**TASK REQUIREMENTS**
The whole listing below should be retyped exactly, without any images.

**DATASET CONTENT**
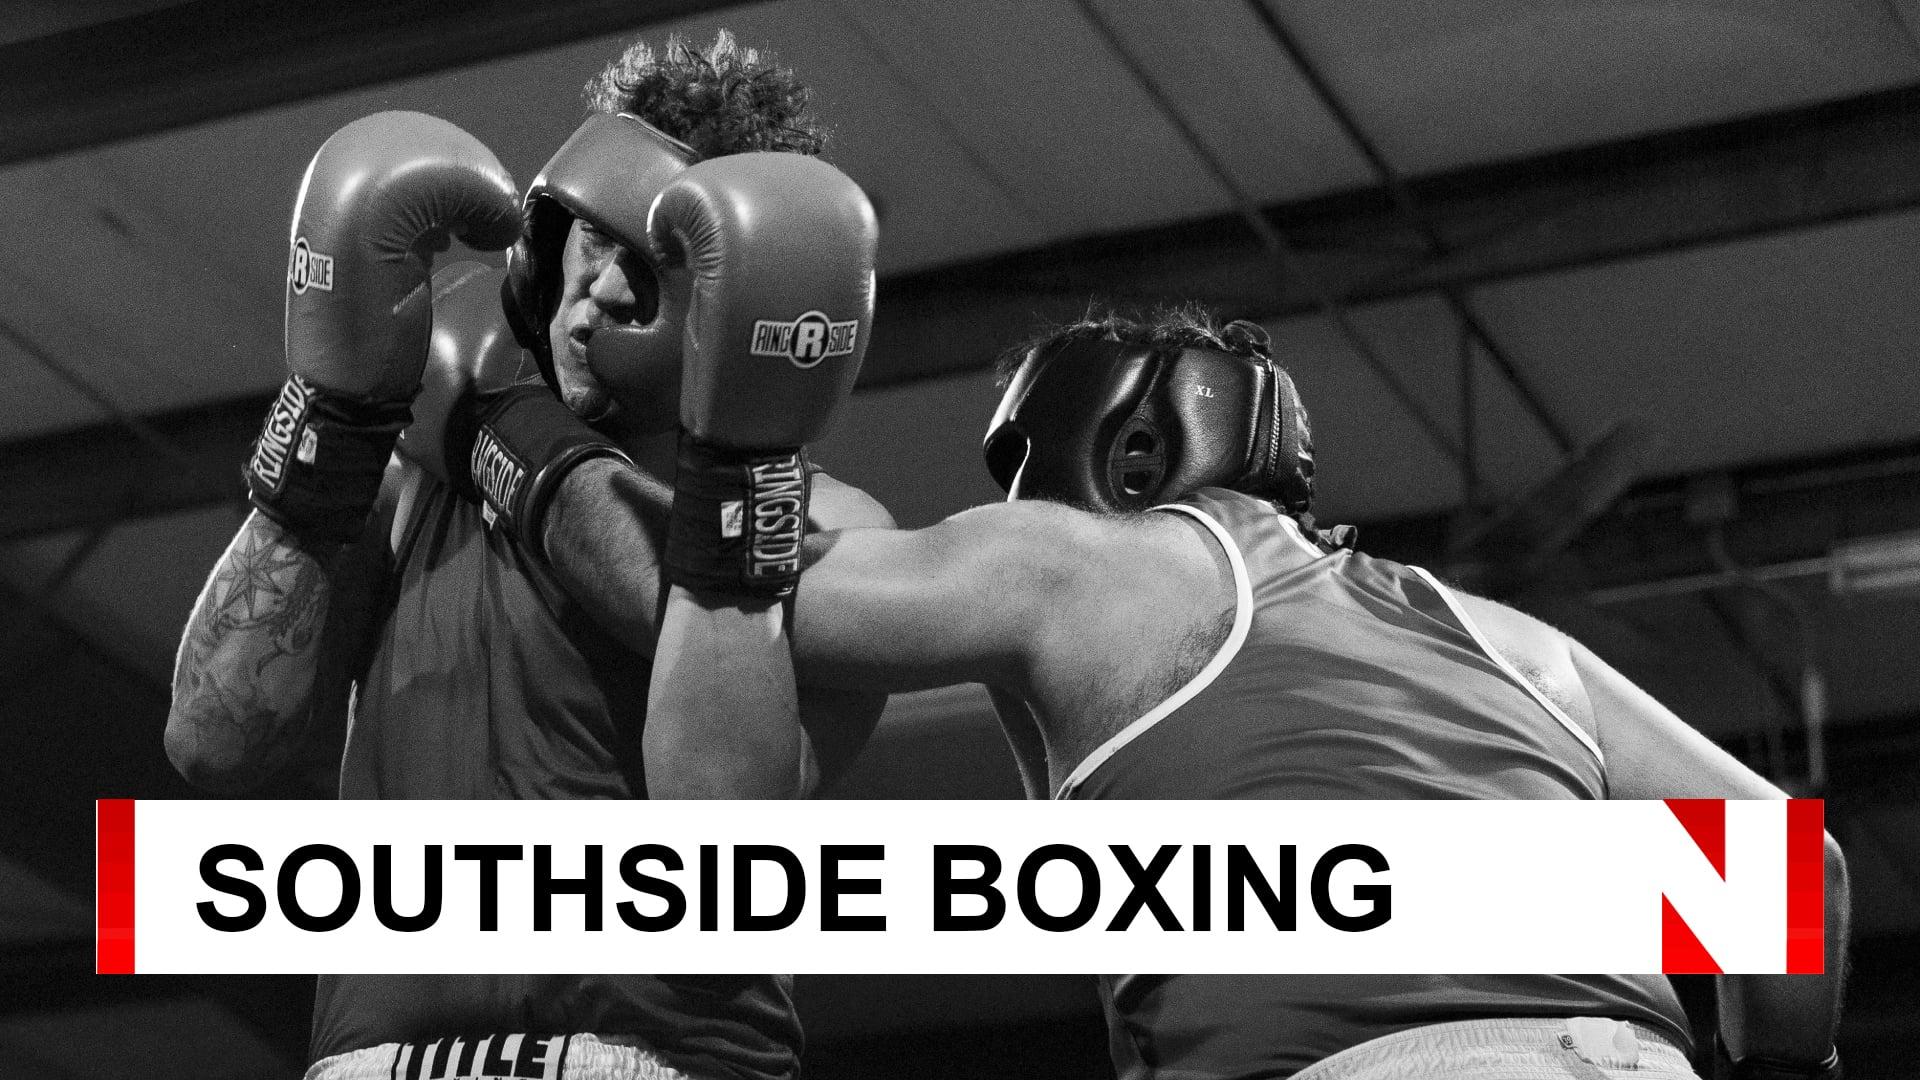 Nebraska News Service - Southside Boxing
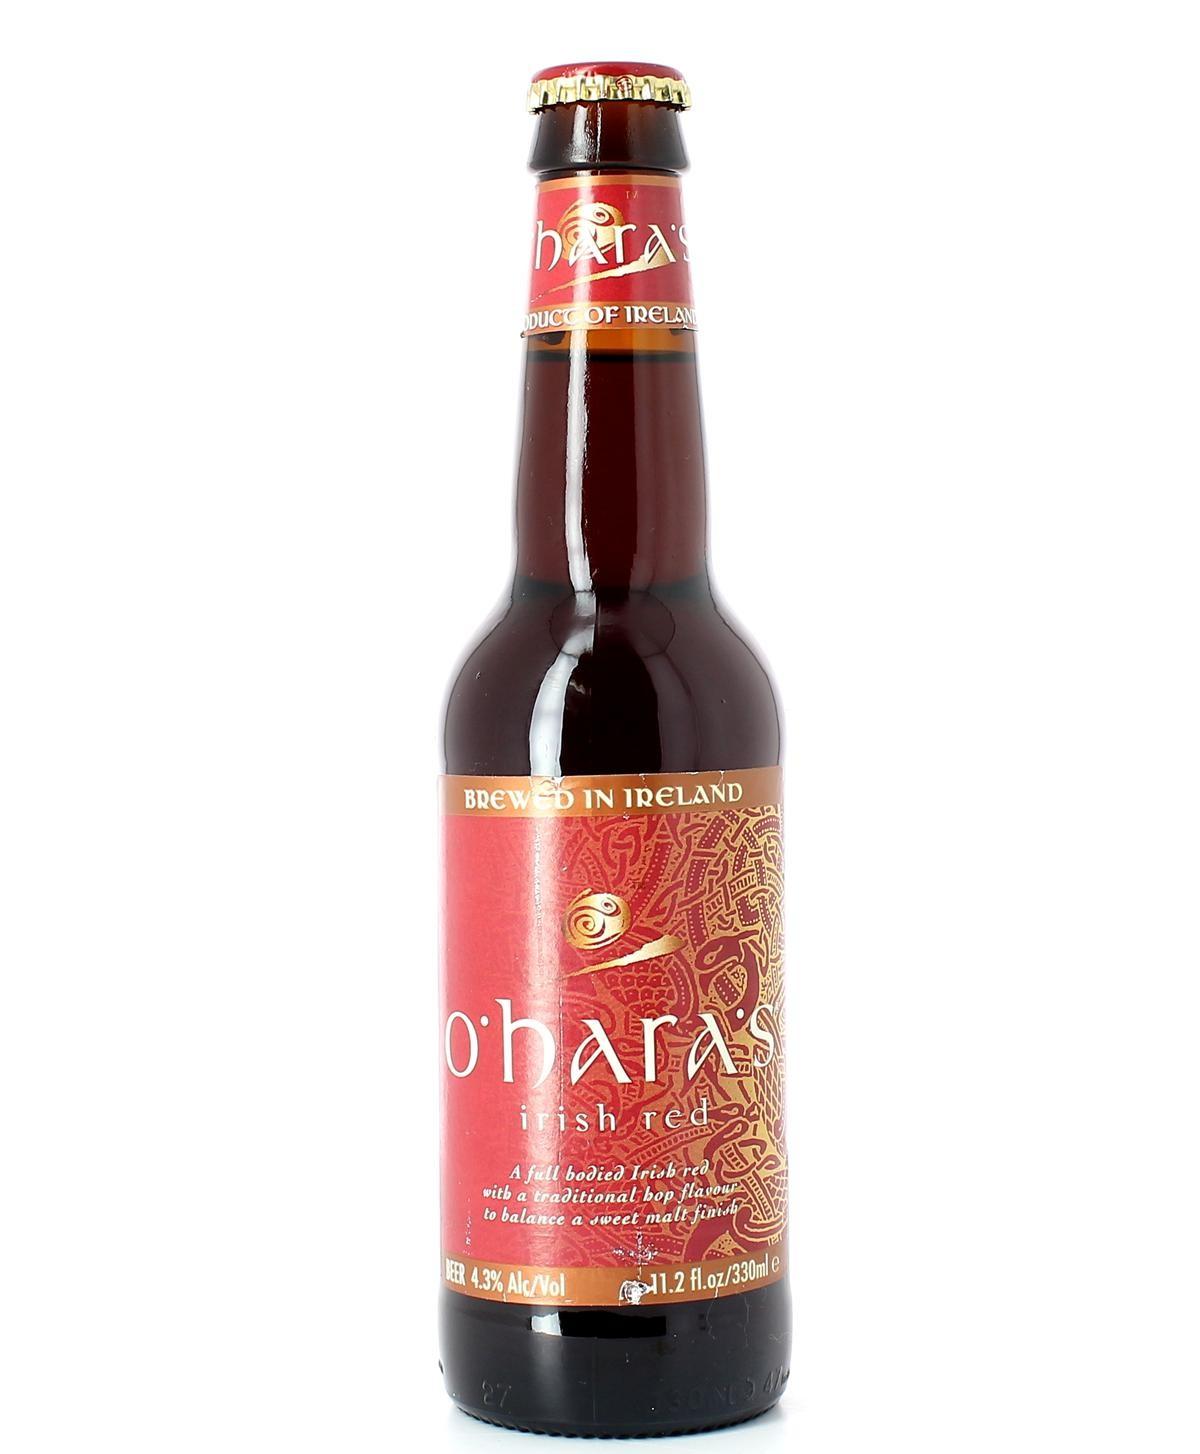 Oharas Irish Red
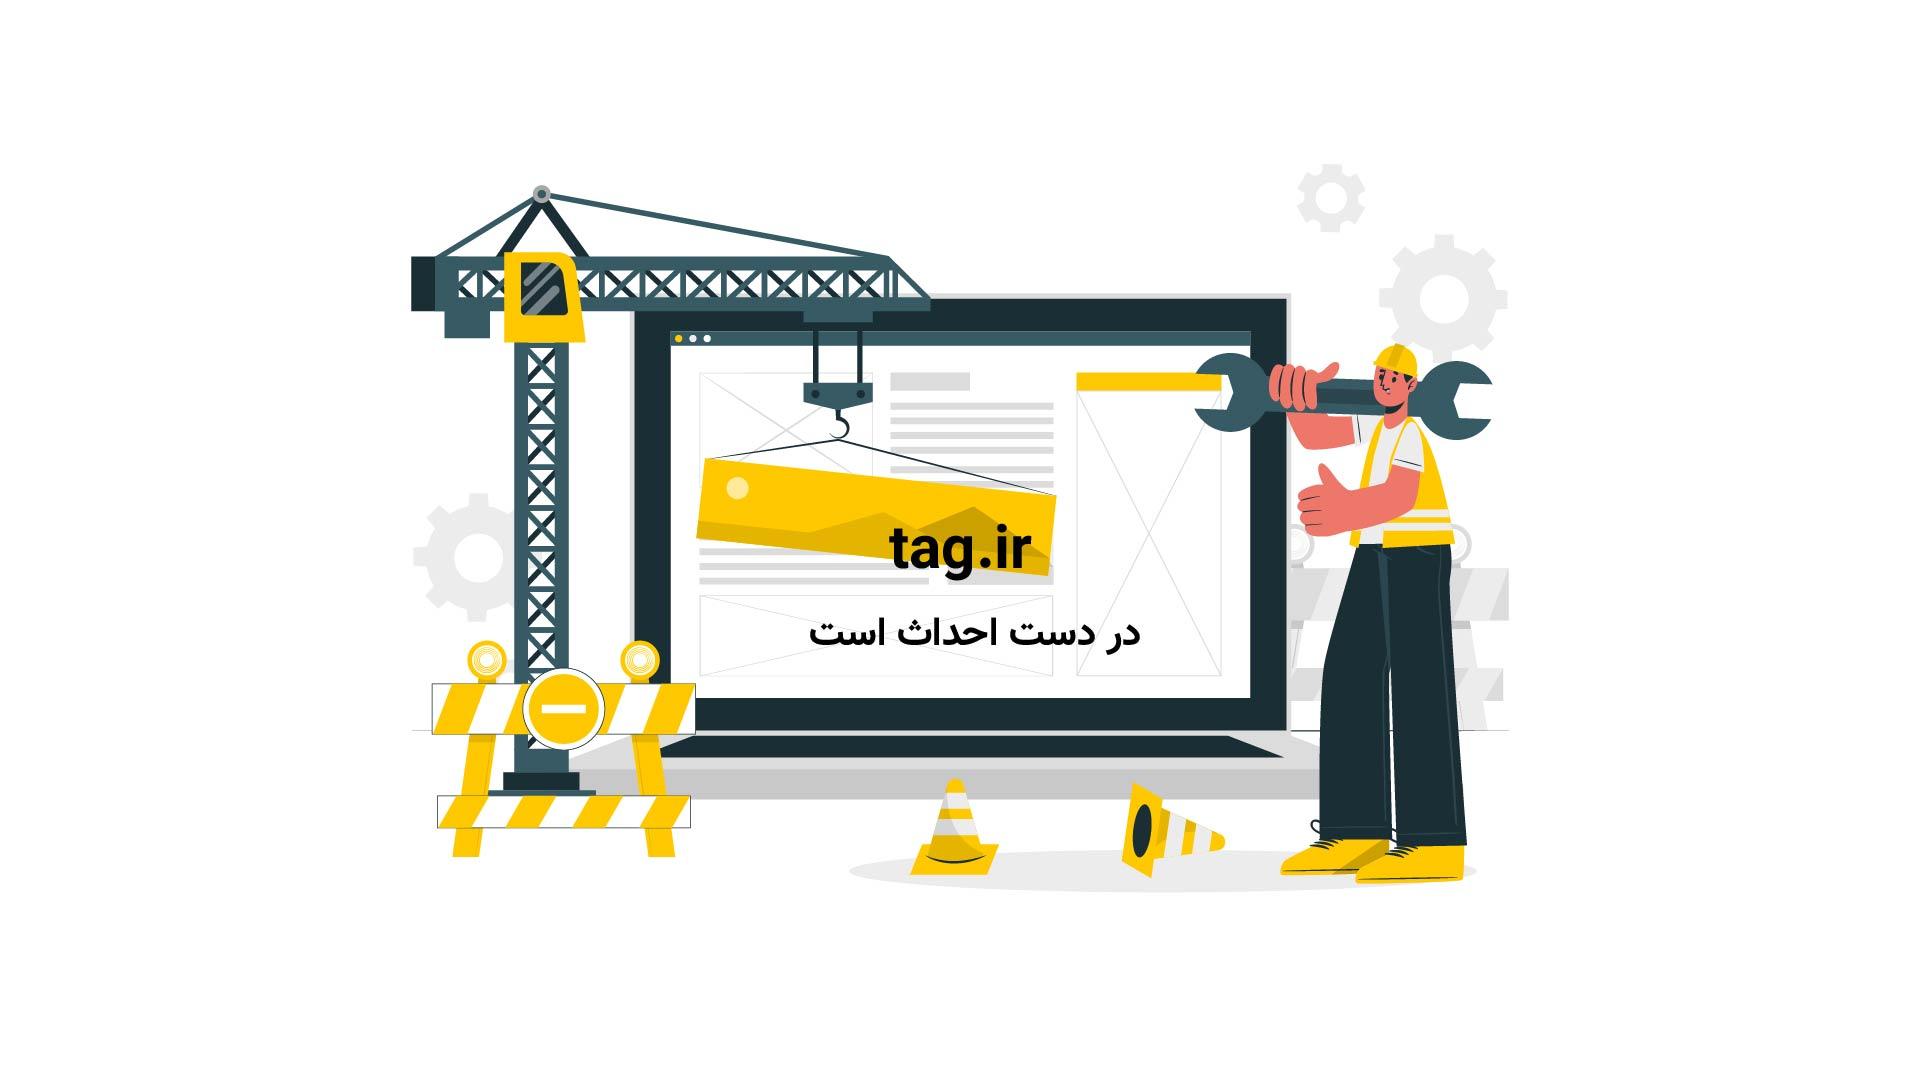 حمله حقرب به لانه مورچه ها | تگ

**TASK RESPONSE**
 Nebraska News Service - Southside Boxing
 Oharas Irish Red
 حمله حقرب به لانه مورچه ها | تگ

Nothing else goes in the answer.